BIOL 3100 Lecture Notes - Lecture 16: Choroid Plexus, Tight Junction, Paracellular Transport
Intercellular connections
• Cells attach to each other & to surrounding EC matrix, forming functional unit
• Present in other tissues, but prominent in epithelia
• Different types of attachment serve different purposes:
a. Occluding junctions form permeability barrier (zonula occludens or tight junctions)

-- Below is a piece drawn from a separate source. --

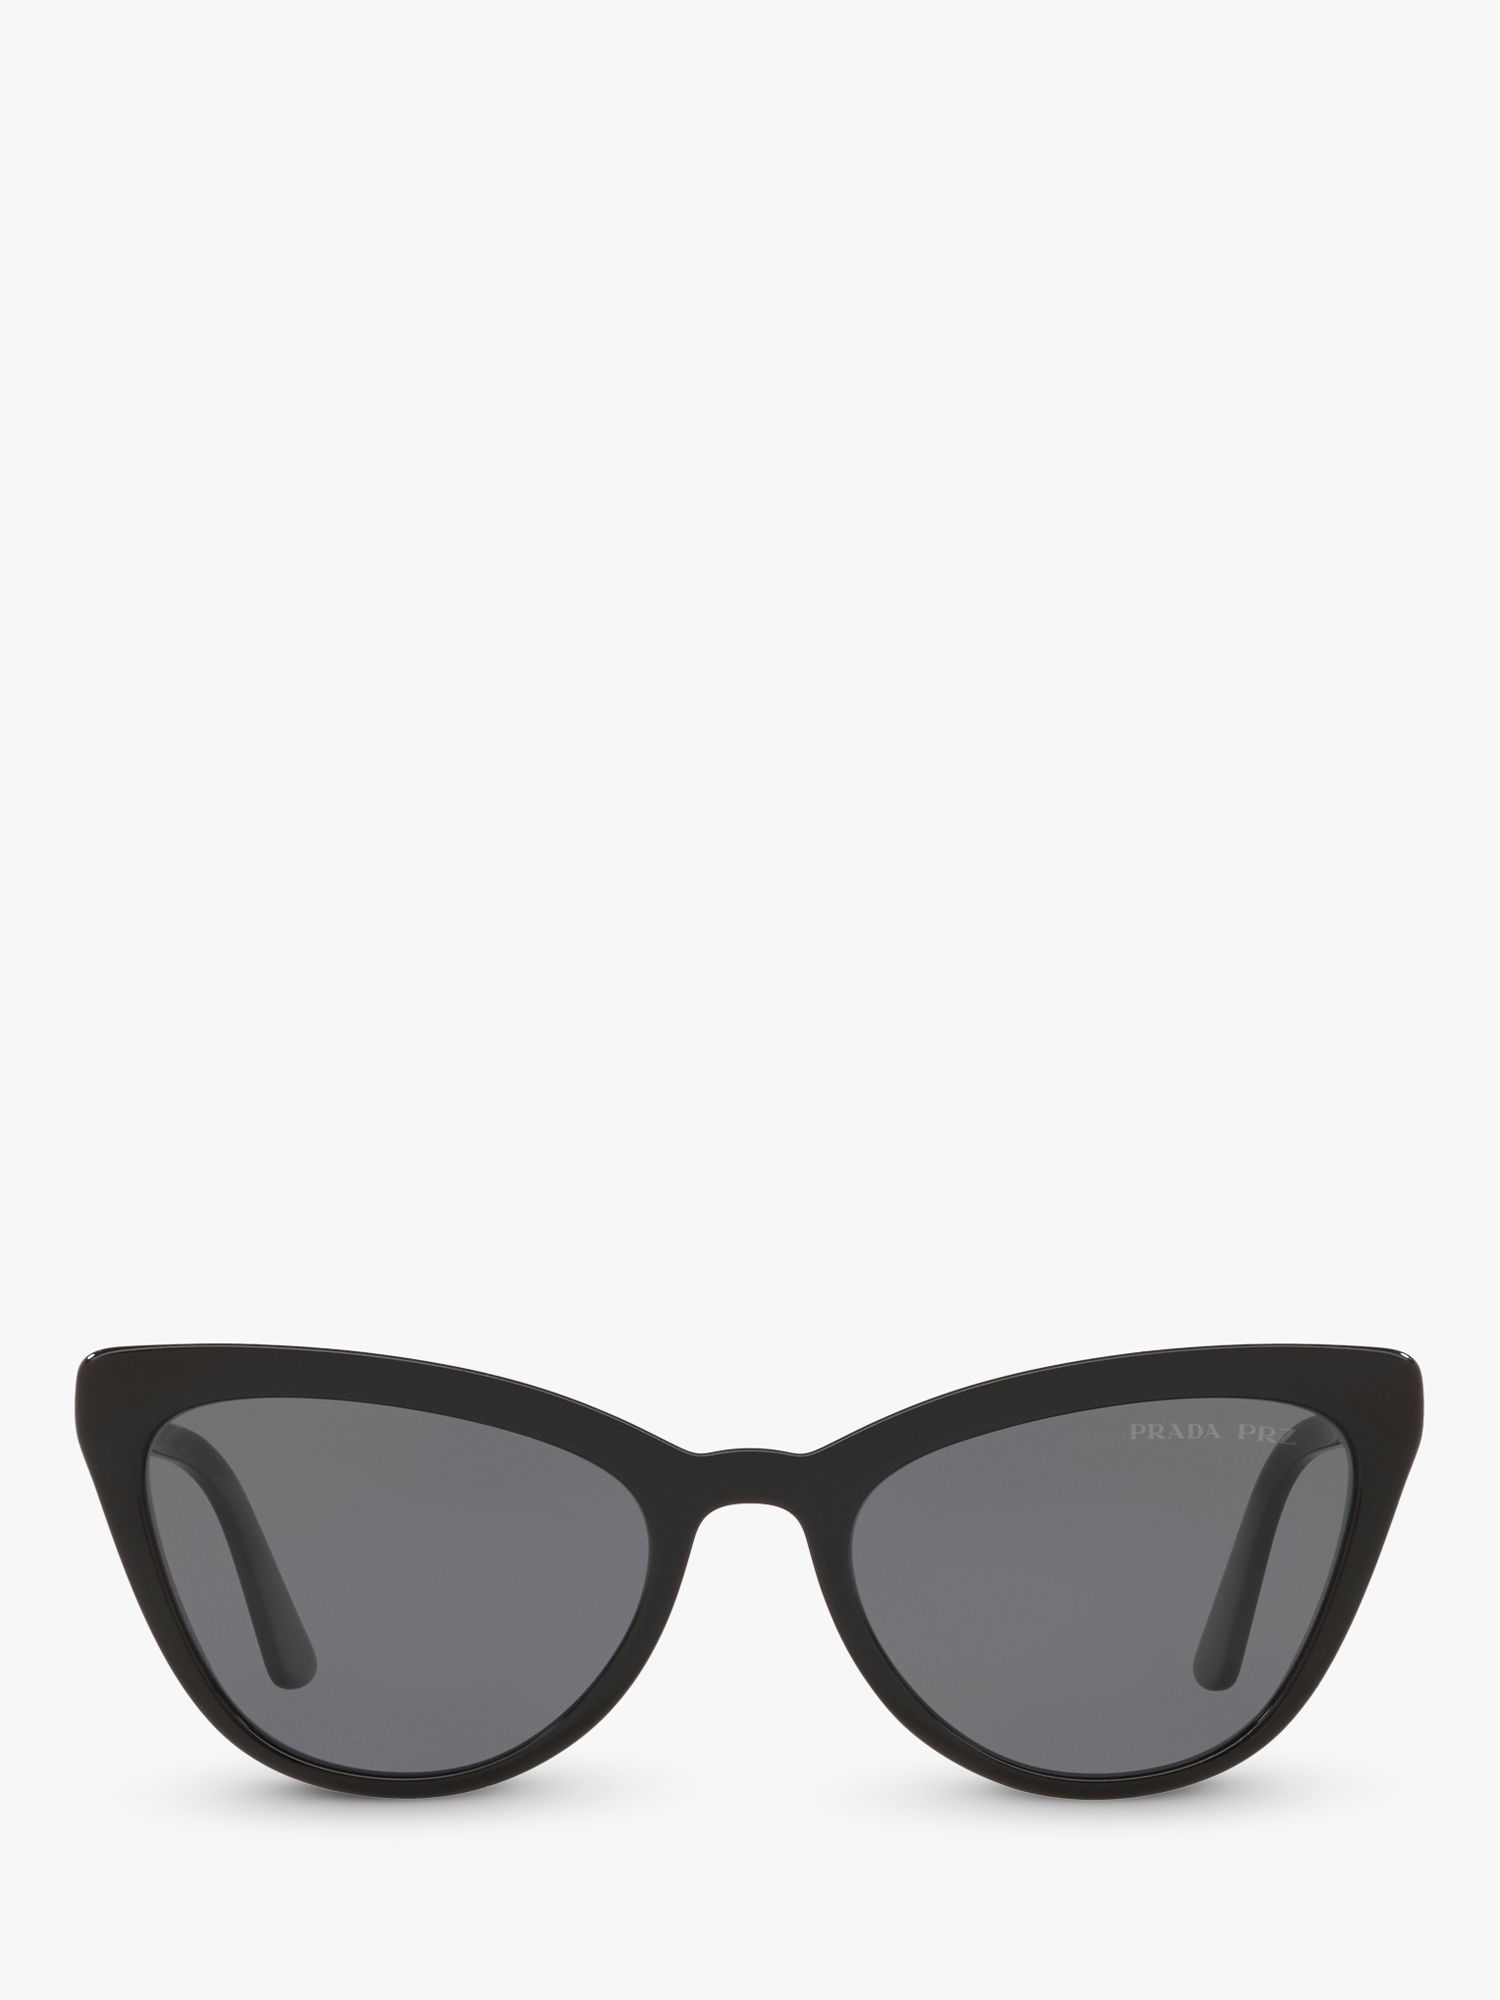 Prada PR 01VS Women's Polarised Cat's Eye Sunglasses, Black/Grey at John  Lewis & Partners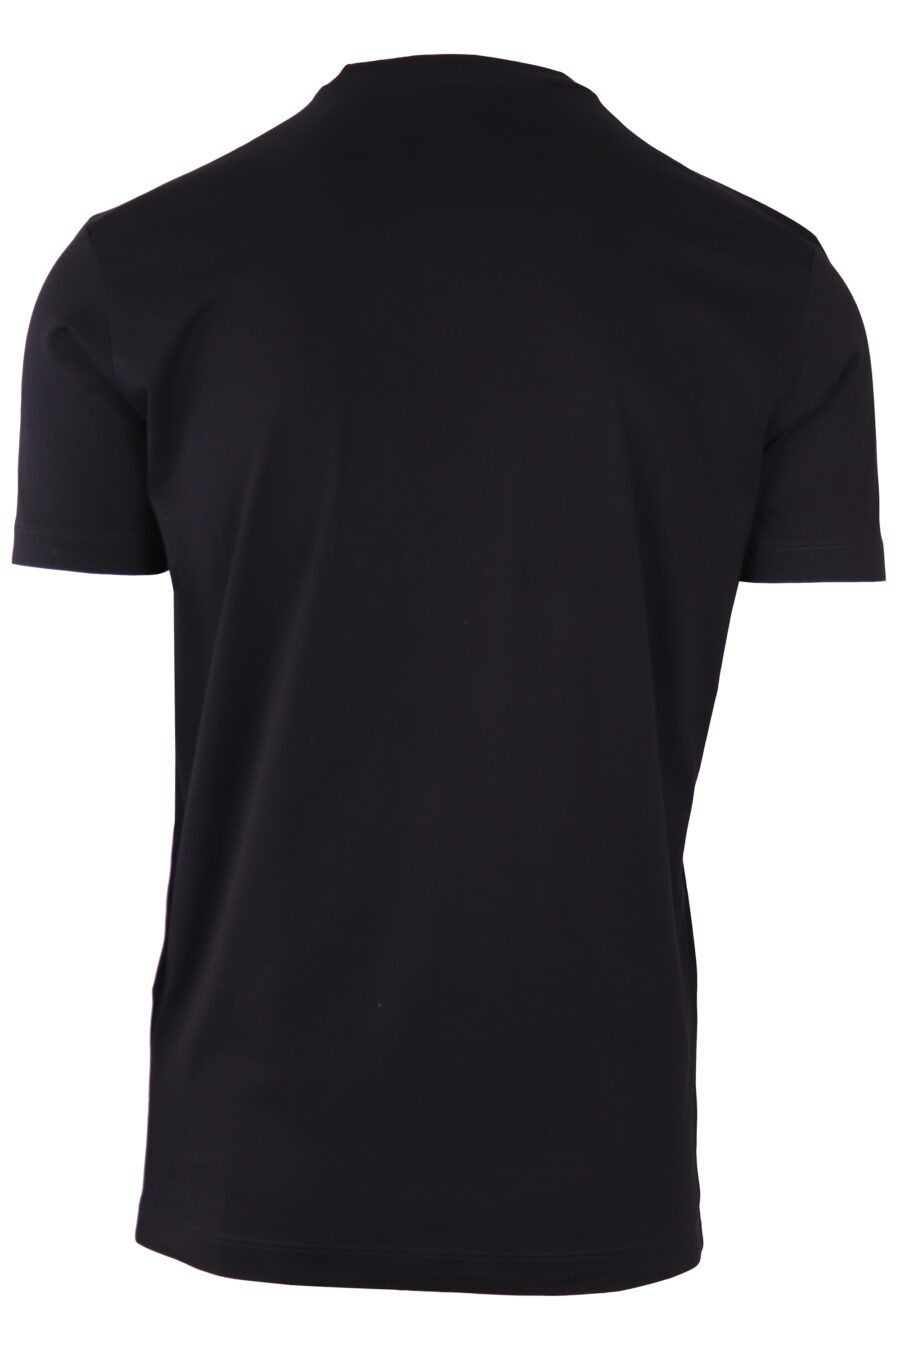 T-shirt black with maxilogo text "dean and dan caten" - IMG 7723

b. Anchoring junctions: providing mechanical strength ( zonula adherens, desmosomes,
hemidesmosomes)
c. Communicating junctions permit ionic/molecular movement b/t adjacent cells (gap
junctions)
• Seen together forming junctional complexes
Junctional Complexes of Epithelial cells
• Desmosomes
• Gap junctions
• Tight junctions
• Adhering junctions
Anchoring cells to Each other
• Provide mechanical strength & stability; ability to withstand shear forces
• Anchor cytoskeleton of adjacent cells
• Include zonula adherens, macular adherens (desmosomes)
Basic structure
• Integral transmembrane linker glycoproteins
• Cytoskeletal filaments
• Intracellular attachment proteins
Functional Implication of Tight Junctins
• Prevents/control paracellular molecular movement
• Used to create functional tissue compartments
• Prevents back-diffusion of actively transported molecules
• Functions to limit movement of membrane proteins
• Absorption: transport from lumen to blood vessels
• Secretion: blood vessel to lumen (eg. Choroid plexus & sweat gland)
Gap Junctions - Communicating Junctions
• Channels formed by adjacent connexons
• Each Connexons composed of 6 proteins subunits called connexins that span lipid bilayer
• At junction, membranes seperated by gap of 2nm
• Connexon open/close with conformation change.